# C&C on Pink Flower



## Noah212 (Jan 10, 2010)

I took this photo with my Nikon D60 and an AF-S DX Nikkor 18-55mm lens (the D60's kit lens).








C&C appreciated.

Thanks for looking.


----------



## rufus5150 (Jan 10, 2010)

Composition's decent but the green blob is odd... very hard to glean context from it. Nice use of the out of focus foreground parts to provide a natural frame but stay out of the way of the subject and not be distracting.

You should have narrowed the aperture for more depth of field. Shooting this close f8-f11 is not unheard of. Your gains will be minimal but might solve the DOF issues. The tops of the stamen are out of focus, as are the bottom, but the middle is, which ends up obscuring the in-focus part of the shot.

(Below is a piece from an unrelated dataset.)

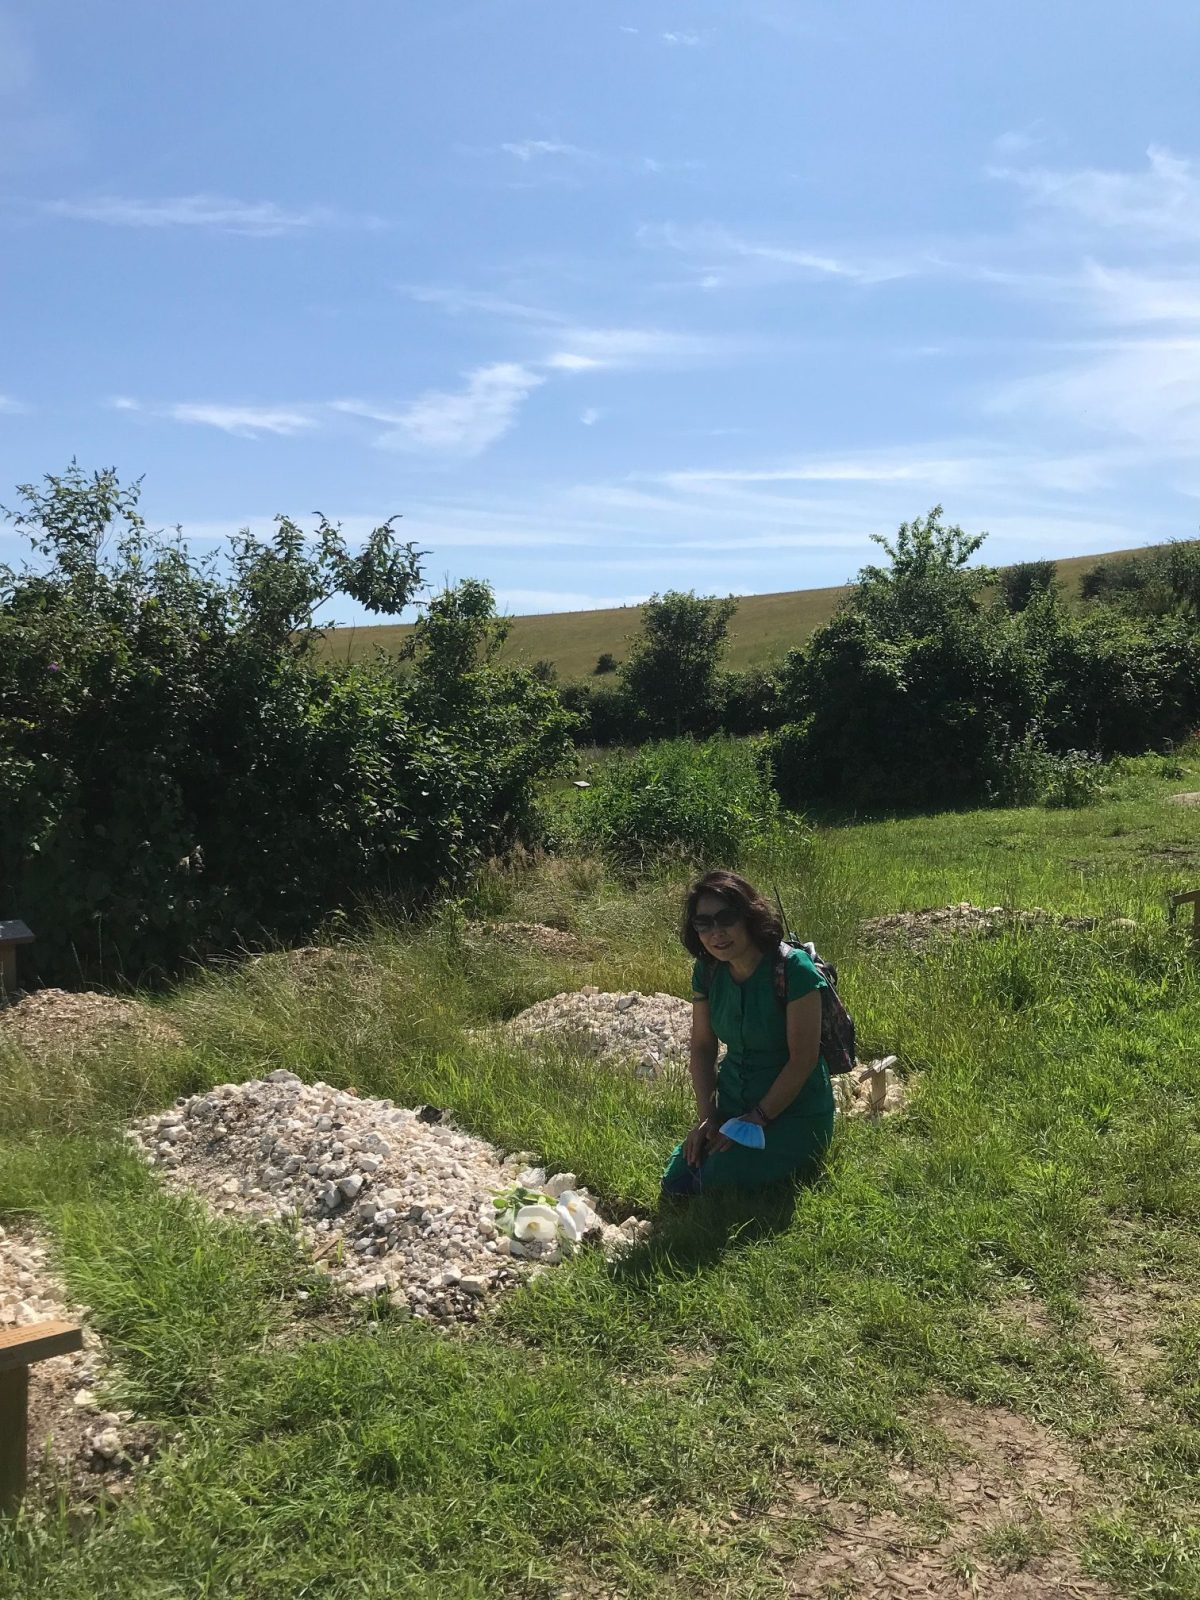 Emiko at Sybil's grave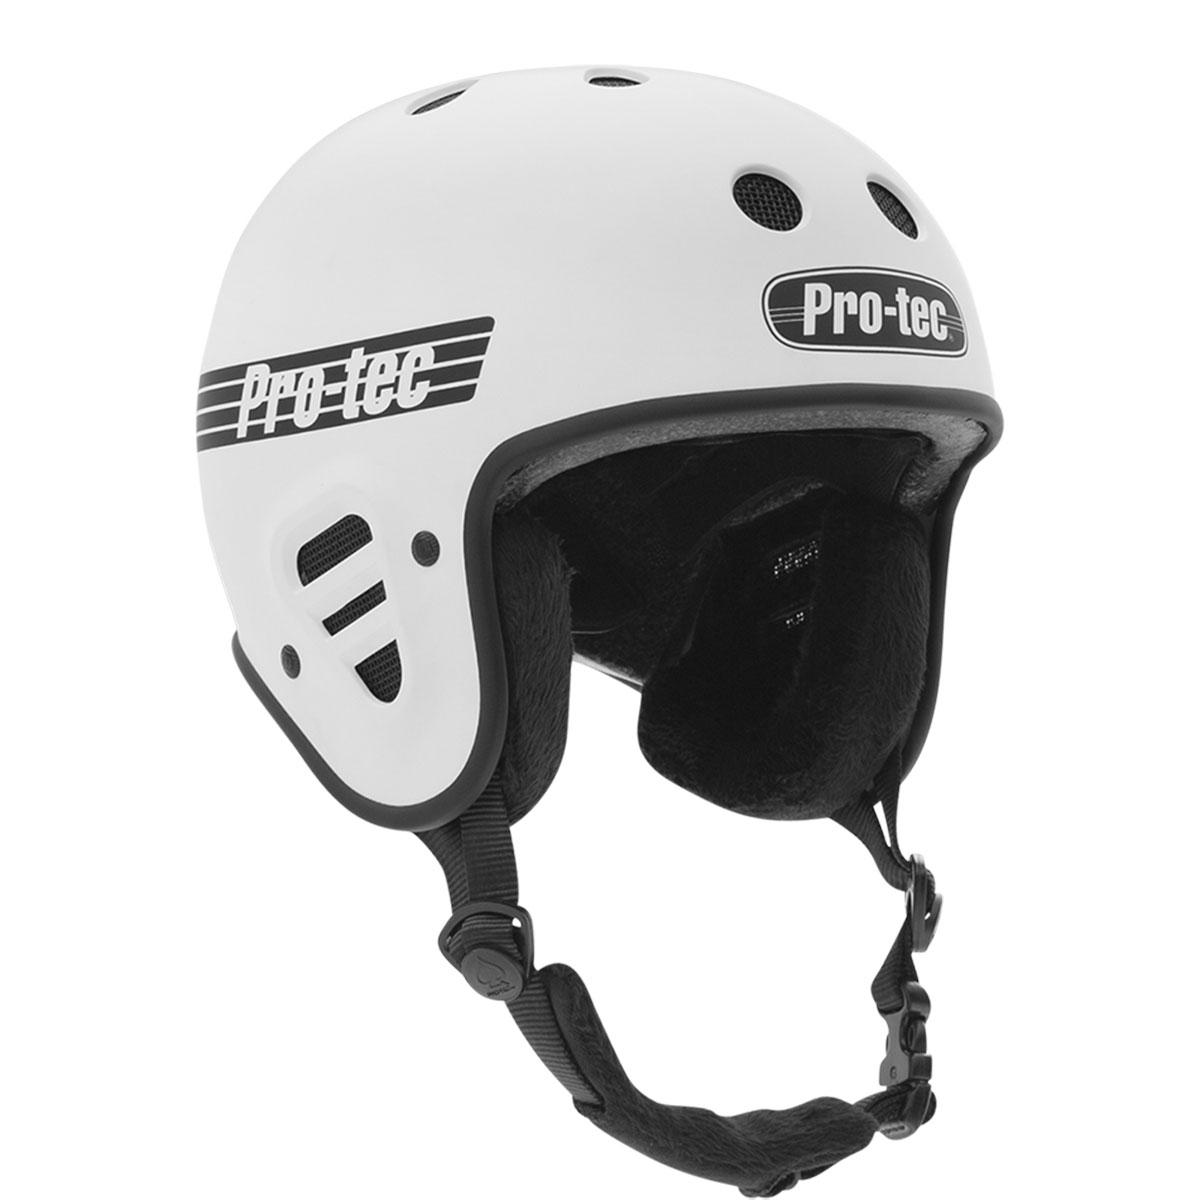 Pro-Tec Full Cut Certified Skate Helmet

You're making the viewer hunt to find the part that is in focus.

It's under exposed by probably 1/3rd to 2/3rds of a stop and definitely needs some mid-tone contrast boost (curves/levels adjustment). The whites in the blurred petals near the left side of the image should be under, but starting to push clip (as a reference point).

Clone/heal out the brown marks underneath the stamen (there are two, on the white part of the petal). They're 'in the blur' so they should be able to clone out easily without having to align natural lines or anything.


----------